The boat returned with the additional assistance I required, and with the necessary gear for freeing the forecastle hatch. The business was somewhat tedious. It was a case of what sailors know as jam. It involved luff upon luff, much sweating and swearing, much hard straining and hoarse chorusing at the little forecastle capstan. At last we started the bowsprit, the heel ran clear of the hatch, and two of the men, grasping the hatch cover, swept it through its grooves.

The moment the hatch was open a figure rose up out of the darkness below; another followed at his heels. I looked for more, but there were but two, and those two stood blinking and rubbing their eyes, and turning their heads about as though their motions were produced by clockwork. One of them was the strangest looking man I had ever seen. Did you ever read the story of Peter Serrano? If so, then figure Serrano with his beard cropped, his hairy body clothed in a sleeved waistcoat and a pair of short pilot breeches, the hair of his head still long, and rings in his ears, the whole man still preserving a good deal of that oyster-like expression of face and sandy grittiness of complexion which Peter got from a long residence upon a shoal.

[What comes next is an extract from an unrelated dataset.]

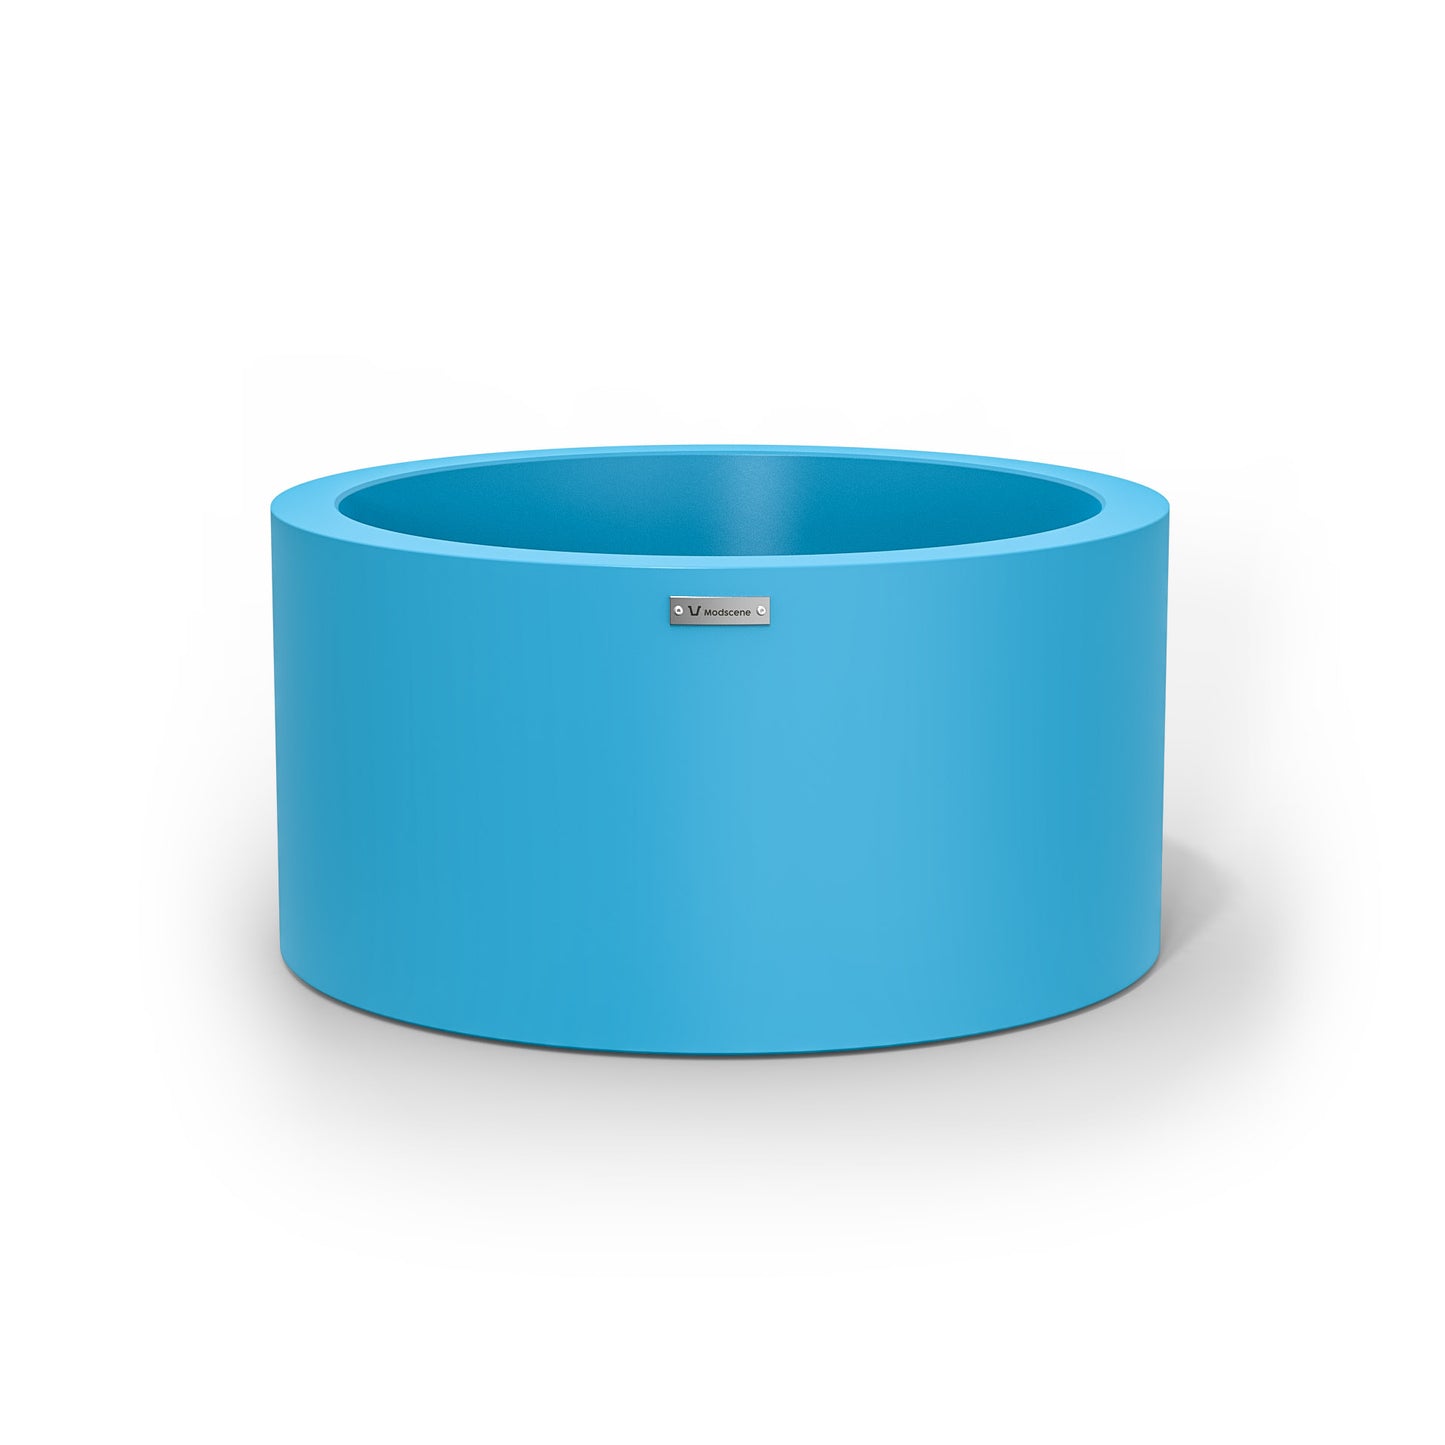 A blue cylinder pot planter made by Modscene.

This man might have been Peter Serrano after he had been trimmed, washed, and cared for ashore. His eyes were small and fiery, the edges of the lids a raw red. He was about five feet tall, with the smallest feet that ever capered at the extremities of a sailor’s trousers. His companion was of the ordinary type of merchant seamen, red-haired, of a heavy cast of countenance; the complexion of this man was of the hue of sailors’ duff—which you must go to sea to understand, for there is no word in the English language to express the color of it. They had risen through the hatch with activity; as they stood they seemed fairly strong on their pins. But the light confounded them, and they continued to rub and to weep and to mechanically rotate their heads for some few minutes after I had begun to talk to them.

“Well, my lads,” said I, “this is a stroke of fortune for you. Talk of rats in a hole! How came ye into this mess? But, first, are ye English?”

“English both,” said the little man.

“How come ye to be locked up after this fashion?”

The little chap looked round at us with streaming eyes and said, in just the sort of harsh, salt, gritty voice that my imagination had fitted him with before he opened his lips—a voice that was extraordinary with its suggestion of sand, the seething of surf, and the spasmodic shriek of the gull: “Tell us the time, will yer?”

I looked at my watch and gave him the hour. He lugged out a great silver turnip from his breeches’ band; the dial plate of that watch was about the size of a shilling, and the back of it came nearly to the circumference of a saucer.

“What does he say?” he exclaimed, holding up the watch. “This here blaze is like striking of a man blind.”

“The time by your watch,” said I, looking at it, “is seven o’clock.”